A segunda etapa da pesquisa da Fundaj, abordada no início desta reportagem, também apontou os impactos na cadeia pesqueira. Através de cerca de 4 mil entrevistas junto a grupos sociais nos municípios que, de alguma forma, foram diretamente impactados, a Fundação aponta que na pesca, única atividade econômica de 59,5% das famílias, um total de 40,4% dos pescadores artesanais relataram que estuários e/ou manguezais próximos foram atingidos pelo petróleo e 67,5% relataram queda de renda por conta do incidente. A redução da renda média entre os pescadores foi de 37,28%.
Bares e restaurantes especializados em frutos do mar tiveram uma perda de faturamento médio de 29,9%. Naturalmente, um impacto bem menor do que o dos ambulantes, categoria em que 64,6% dos entrevistados disseram ter tido queda na renda.
Sobre o auxílio do novo coronavírus, Joana afirma que muita gente também não recebeu. Uns porque não conseguiram se cadastrar, outros porque tiveram problema no cadastro e alguns porque o cadastro simplesmente nunca foi aprovado. Isso sem contar com as pessoas que sofreram golpes porque, sem acesso à tecnologia e ao letramento digital, precisaram pedir ajuda e foram roubados.
A situação só começou a melhorar um pouco agora, com a reabertura de bares e restaurantes. Ainda assim, os preços não voltaram ao que eram antes.

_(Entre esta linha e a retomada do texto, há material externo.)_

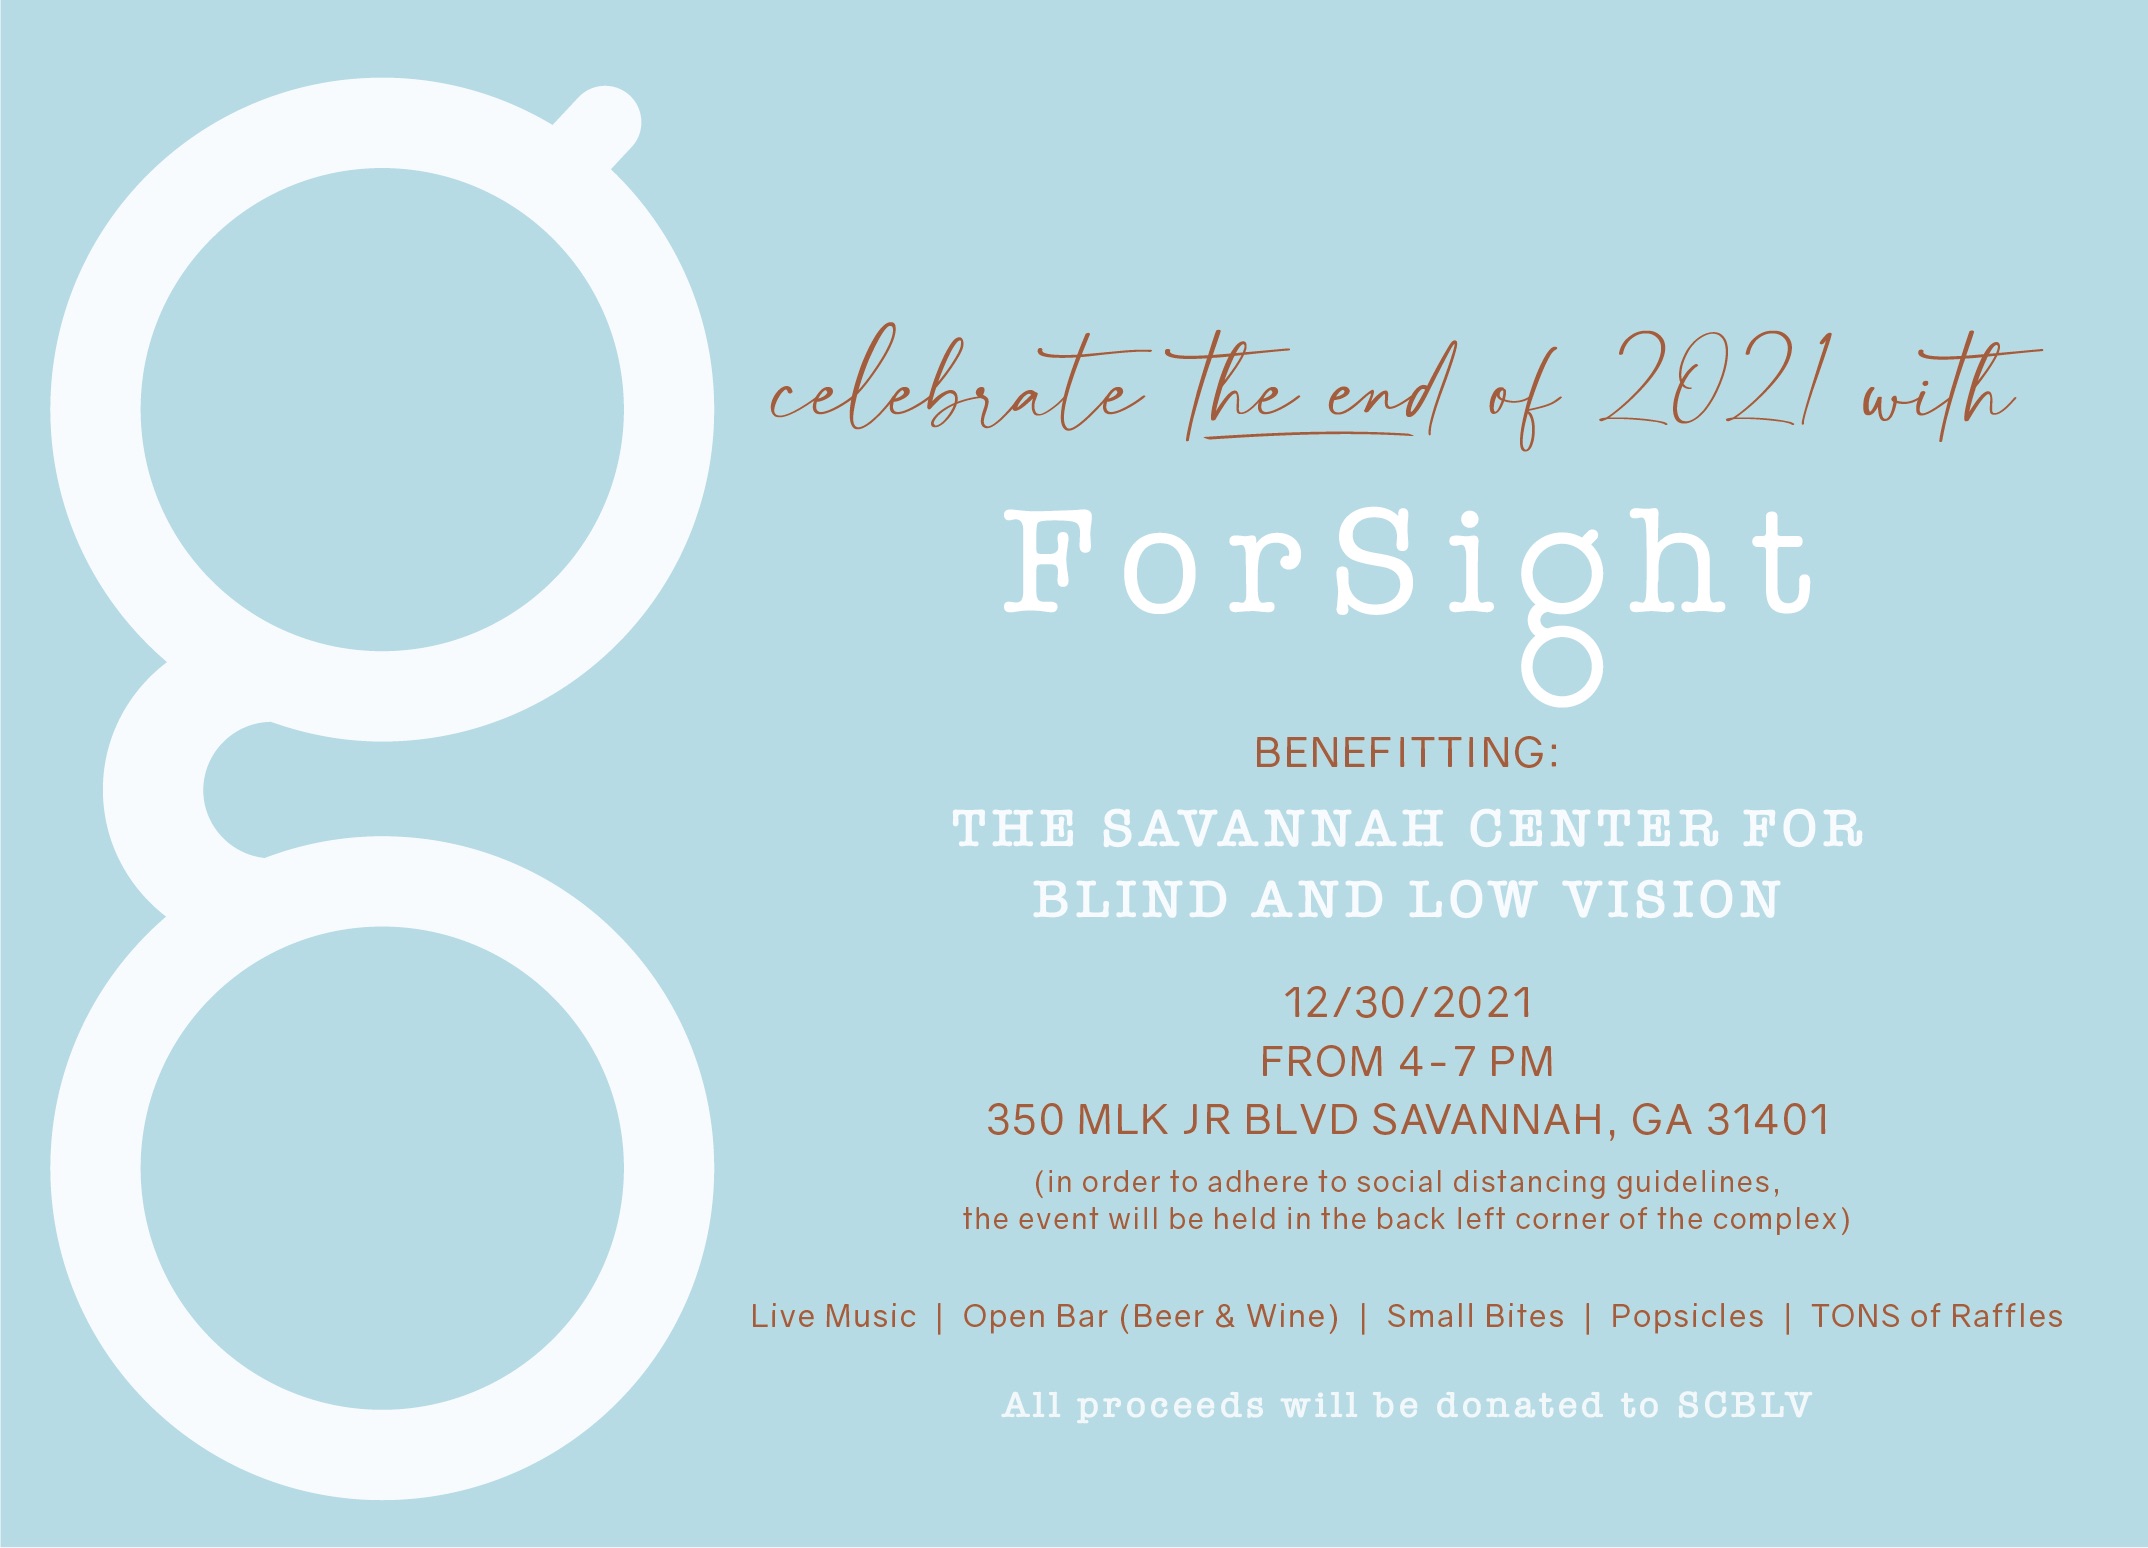 ForSight 2021 Fundraiser Savannah Center for Blind and Low Vision

Em Itapissuma, por exemplo, no verão o preço do quilo do marisco chega a ser vendido por R$ 18, agora está entre R$ 10 e R$ 12 apenas. O quilo do siri, que custava R$ 30, no momento não passa de R$ 25.
Isso significa que homens e mulheres das águas estão há um ano em dificuldade. “A gente se virou do jeito que deu. Da Covid-19, a gente ainda teve alguma assistência municipal, mas do petróleo não tivemos nenhuma”, denuncia Cícera Estêvão Batista, de Rio Formoso, Litoral Sul de Pernambuco.
Secretária da colônia local, ela recorda que aproximadamente 700 pessoas foram cadastradas por iniciativa própria da organização na época do vazamento, na esperança de que a justiça fosse feita. Mas o auxílio prometido nunca chegou. Segundo ela, o governo do estado nada fez com os cadastros repassados.
O professor, sociólogo e membro do Comitê UFPE SOS Mar Cristiano Ramalho visitou todas as praias atingidas na época do incidente. Para ele, as comunidades pesqueiras chegam ao momento da pandemia da Covid-19 profundamente fragilizadas, mais do qualquer outro grupo, por já virem numa condição muito ruim da economia e também de saúde. “A pandemia acelerou ainda mais o drama da fome e aumentou os dramas de ordem psicológica. O trabalho da pesca é feito coletivamente, comunitariamente, o que fragiliza ainda mais essas populações aos contágios”, enfatiza.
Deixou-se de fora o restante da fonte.